→ **Exercise**
Transcribe the records in full, keeping every word exactly as given.

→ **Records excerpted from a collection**
::::::::

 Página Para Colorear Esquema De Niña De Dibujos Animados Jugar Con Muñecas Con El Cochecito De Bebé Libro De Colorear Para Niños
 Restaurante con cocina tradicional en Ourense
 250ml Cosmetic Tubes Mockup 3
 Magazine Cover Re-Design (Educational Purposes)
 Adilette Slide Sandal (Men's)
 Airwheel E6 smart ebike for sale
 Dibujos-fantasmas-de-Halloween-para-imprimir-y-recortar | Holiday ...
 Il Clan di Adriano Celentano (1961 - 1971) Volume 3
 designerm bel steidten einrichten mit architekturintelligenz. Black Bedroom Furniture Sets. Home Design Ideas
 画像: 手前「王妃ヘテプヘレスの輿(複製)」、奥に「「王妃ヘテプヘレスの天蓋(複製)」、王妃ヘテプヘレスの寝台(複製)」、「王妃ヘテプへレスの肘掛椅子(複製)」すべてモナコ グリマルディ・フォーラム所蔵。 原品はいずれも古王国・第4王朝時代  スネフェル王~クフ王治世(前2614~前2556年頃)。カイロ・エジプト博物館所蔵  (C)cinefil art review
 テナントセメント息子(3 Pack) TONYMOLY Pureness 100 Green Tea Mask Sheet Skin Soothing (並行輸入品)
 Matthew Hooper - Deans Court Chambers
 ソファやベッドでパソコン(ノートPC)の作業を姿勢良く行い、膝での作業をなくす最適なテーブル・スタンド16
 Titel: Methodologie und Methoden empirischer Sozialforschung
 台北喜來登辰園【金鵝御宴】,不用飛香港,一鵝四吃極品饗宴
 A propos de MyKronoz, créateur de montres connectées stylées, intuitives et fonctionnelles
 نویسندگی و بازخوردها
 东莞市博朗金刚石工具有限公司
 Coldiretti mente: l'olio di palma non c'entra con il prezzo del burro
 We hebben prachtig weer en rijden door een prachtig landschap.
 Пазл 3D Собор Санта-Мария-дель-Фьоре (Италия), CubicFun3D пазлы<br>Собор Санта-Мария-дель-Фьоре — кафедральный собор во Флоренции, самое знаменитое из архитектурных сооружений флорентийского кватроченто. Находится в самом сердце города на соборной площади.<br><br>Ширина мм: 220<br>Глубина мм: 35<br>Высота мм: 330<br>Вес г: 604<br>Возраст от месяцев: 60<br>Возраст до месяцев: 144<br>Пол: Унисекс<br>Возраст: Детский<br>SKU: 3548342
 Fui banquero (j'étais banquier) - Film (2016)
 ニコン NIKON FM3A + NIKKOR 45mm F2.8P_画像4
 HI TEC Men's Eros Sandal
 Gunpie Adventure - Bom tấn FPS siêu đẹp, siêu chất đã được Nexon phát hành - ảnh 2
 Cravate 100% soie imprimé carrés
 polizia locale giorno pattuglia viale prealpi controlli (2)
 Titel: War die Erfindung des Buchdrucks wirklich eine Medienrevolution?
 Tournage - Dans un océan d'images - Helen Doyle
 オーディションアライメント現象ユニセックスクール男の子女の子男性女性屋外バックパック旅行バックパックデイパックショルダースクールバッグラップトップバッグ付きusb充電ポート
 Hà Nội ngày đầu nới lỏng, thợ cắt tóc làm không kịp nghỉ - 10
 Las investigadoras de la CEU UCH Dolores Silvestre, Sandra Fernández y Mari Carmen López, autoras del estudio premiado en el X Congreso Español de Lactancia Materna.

::::::::

→ **Result for this task**
 Página Para Colorear Esquema De Niña De Dibujos Animados Jugar Con Muñecas Con El Cochecito De Bebé Libro De Colorear Para Niños
 Restaurante con cocina tradicional en Ourense
 250ml Cosmetic Tubes Mockup 3
 Magazine Cover Re-Design (Educational Purposes)
 Adilette Slide Sandal (Men's)
 Airwheel E6 smart ebike for sale
 Dibujos-fantasmas-de-Halloween-para-imprimir-y-recortar | Holiday ...
 Il Clan di Adriano Celentano (1961 - 1971) Volume 3
 designerm bel steidten einrichten mit architekturintelligenz. Black Bedroom Furniture Sets. Home Design Ideas
 画像: 手前「王妃ヘテプヘレスの輿(複製)」、奥に「「王妃ヘテプヘレスの天蓋(複製)」、王妃ヘテプヘレスの寝台(複製)」、「王妃ヘテプへレスの肘掛椅子(複製)」すべてモナコ グリマルディ・フォーラム所蔵。 原品はいずれも古王国・第4王朝時代  スネフェル王~クフ王治世(前2614~前2556年頃)。カイロ・エジプト博物館所蔵  (C)cinefil art review
 テナントセメント息子(3 Pack) TONYMOLY Pureness 100 Green Tea Mask Sheet Skin Soothing (並行輸入品)
 Matthew Hooper - Deans Court Chambers
 ソファやベッドでパソコン(ノートPC)の作業を姿勢良く行い、膝での作業をなくす最適なテーブル・スタンド16
 Titel: Methodologie und Methoden empirischer Sozialforschung
 台北喜來登辰園【金鵝御宴】,不用飛香港,一鵝四吃極品饗宴
 A propos de MyKronoz, créateur de montres connectées stylées, intuitives et fonctionnelles
 نویسندگی و بازخوردها
 东莞市博朗金刚石工具有限公司
 Coldiretti mente: l'olio di palma non c'entra con il prezzo del burro
 We hebben prachtig weer en rijden door een prachtig landschap.
 Пазл 3D Собор Санта-Мария-дель-Фьоре (Италия), CubicFun3D пазлы<br>Собор Санта-Мария-дель-Фьоре — кафедральный собор во Флоренции, самое знаменитое из архитектурных сооружений флорентийского кватроченто. Находится в самом сердце города на соборной площади.<br><br>Ширина мм: 220<br>Глубина мм: 35<br>Высота мм: 330<br>Вес г: 604<br>Возраст от месяцев: 60<br>Возраст до месяцев: 144<br>Пол: Унисекс<br>Возраст: Детский<br>SKU: 3548342
 Fui banquero (j'étais banquier) - Film (2016)
 ニコン NIKON FM3A + NIKKOR 45mm F2.8P_画像4
 HI TEC Men's Eros Sandal
 Gunpie Adventure - Bom tấn FPS siêu đẹp, siêu chất đã được Nexon phát hành - ảnh 2
 Cravate 100% soie imprimé carrés
 polizia locale giorno pattuglia viale prealpi controlli (2)
 Titel: War die Erfindung des Buchdrucks wirklich eine Medienrevolution?
 Tournage - Dans un océan d'images - Helen Doyle
 オーディションアライメント現象ユニセックスクール男の子女の子男性女性屋外バックパック旅行バックパックデイパックショルダースクールバッグラップトップバッグ付きusb充電ポート
 Hà Nội ngày đầu nới lỏng, thợ cắt tóc làm không kịp nghỉ - 10
 Las investigadoras de la CEU UCH Dolores Silvestre, Sandra Fernández y Mari Carmen López, autoras del estudio premiado en el X Congreso Español de Lactancia Materna.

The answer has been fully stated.